Кое для кого хуже нету, чем выказать, что им что-то невдомек.
Гэллоуэй не снял еще ноги с тормоза, а Серж уже выскочил из машины. Он взял с заднего сиденья свою дубинку и просунул ее в специальную петлю слева на поясе. Он обратил внимание, что напарник оставил дубинку в машине, но интуиция подсказывала Сержу, что лучше уж ему пока строго придерживаться инструкций, а инструкция гласила: дубинку носи с собой.
Дом представлял собой одноэтажное поблекшее розовое строение.
Создавалось впечатление, будто в восточной, и старой, части Лос-Анджелеса поблекнуть успели чуть ли не все дома. На узких улочках Серж заметил много пожилых людей.
– Входите, входите, джентльмены, – сказала, гнусавя, морщинистая старушенция с перевязанными ногами и в платье тусклого оливкового цвета.
Они взошли один за другим на крошечное крылечко и продрались сквозь заросли из комнатных папоротников и цветов. – Сюда, сюда, – улыбнулась она, и Серж с удивлением обнаружил, что у нее полон рот зубов. В том, что они у нее свои, не возникало сомнения.

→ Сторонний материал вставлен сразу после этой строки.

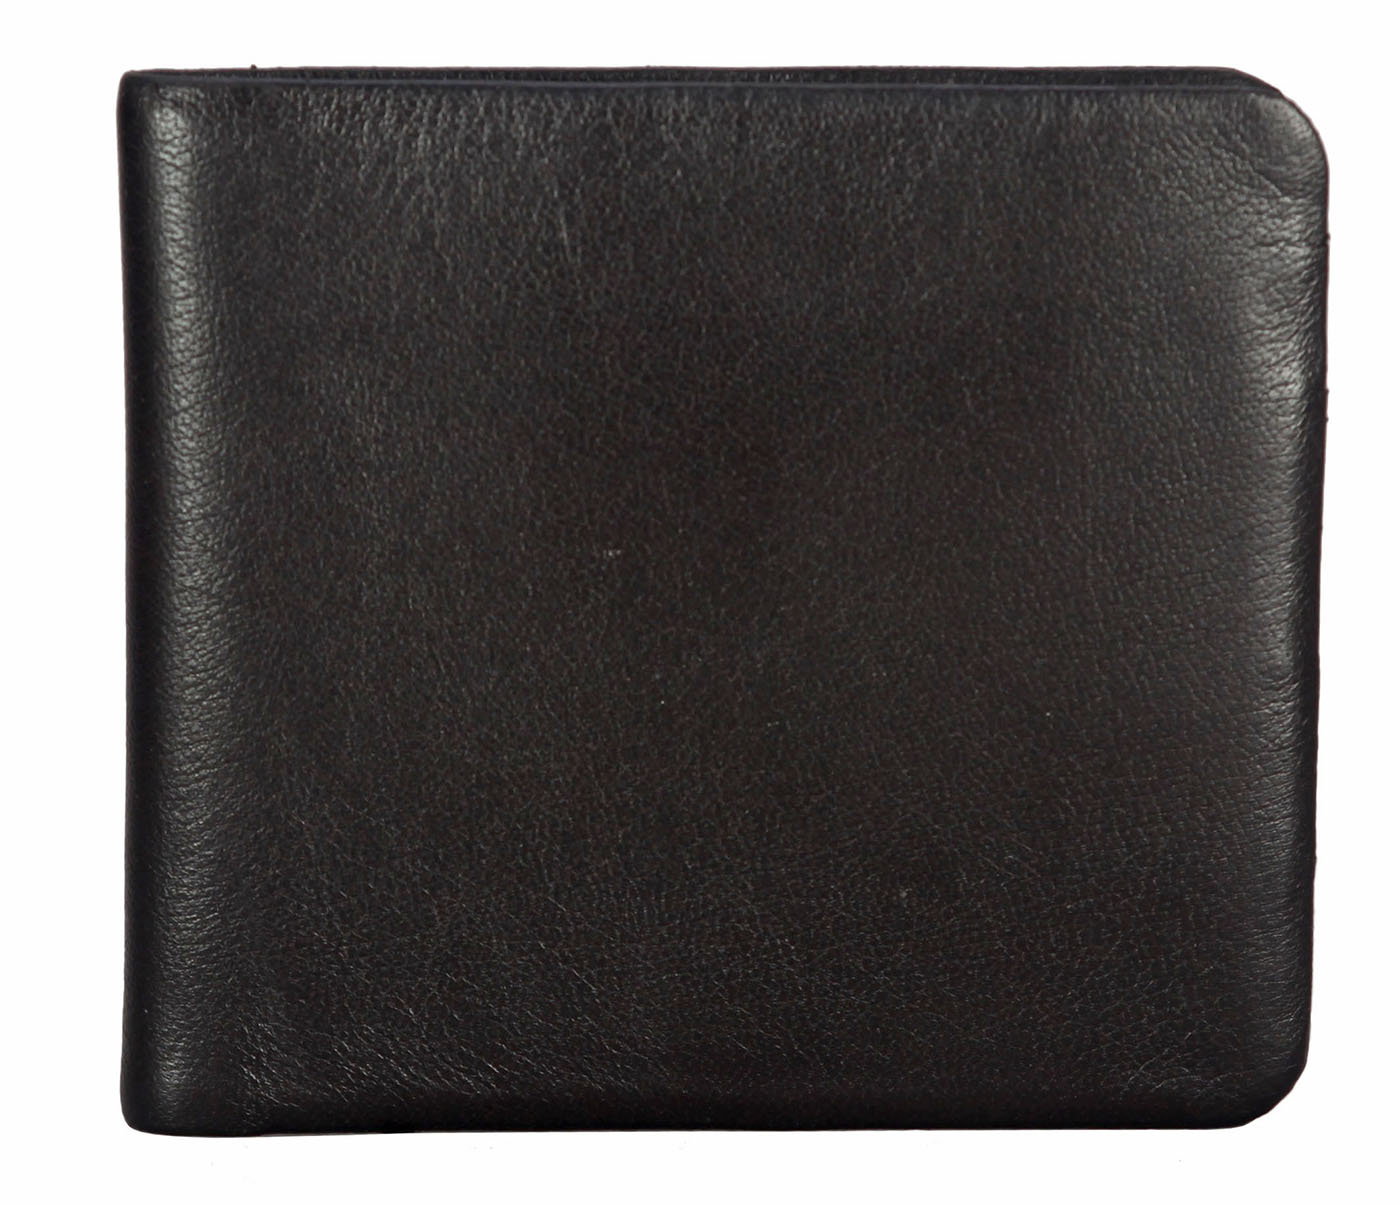 VW18-Diego-Men's bifold sleek wallet in Genuine Leather - Brown

В ее возрасте совсем не грех остаться и вовсе без зубов. Шея ее обвисла под тяжестью толстого зоба. – Не так уж и часто по нынешним временам приходится нам встречаться с полицией. – Она опять улыбнулась. – Раньше мы знали любого полицейского из участка, что на Бойл-хайтс. Когда-то я даже помнила кое-кого из них по именам, только они, пожалуй, уже свое отслужили.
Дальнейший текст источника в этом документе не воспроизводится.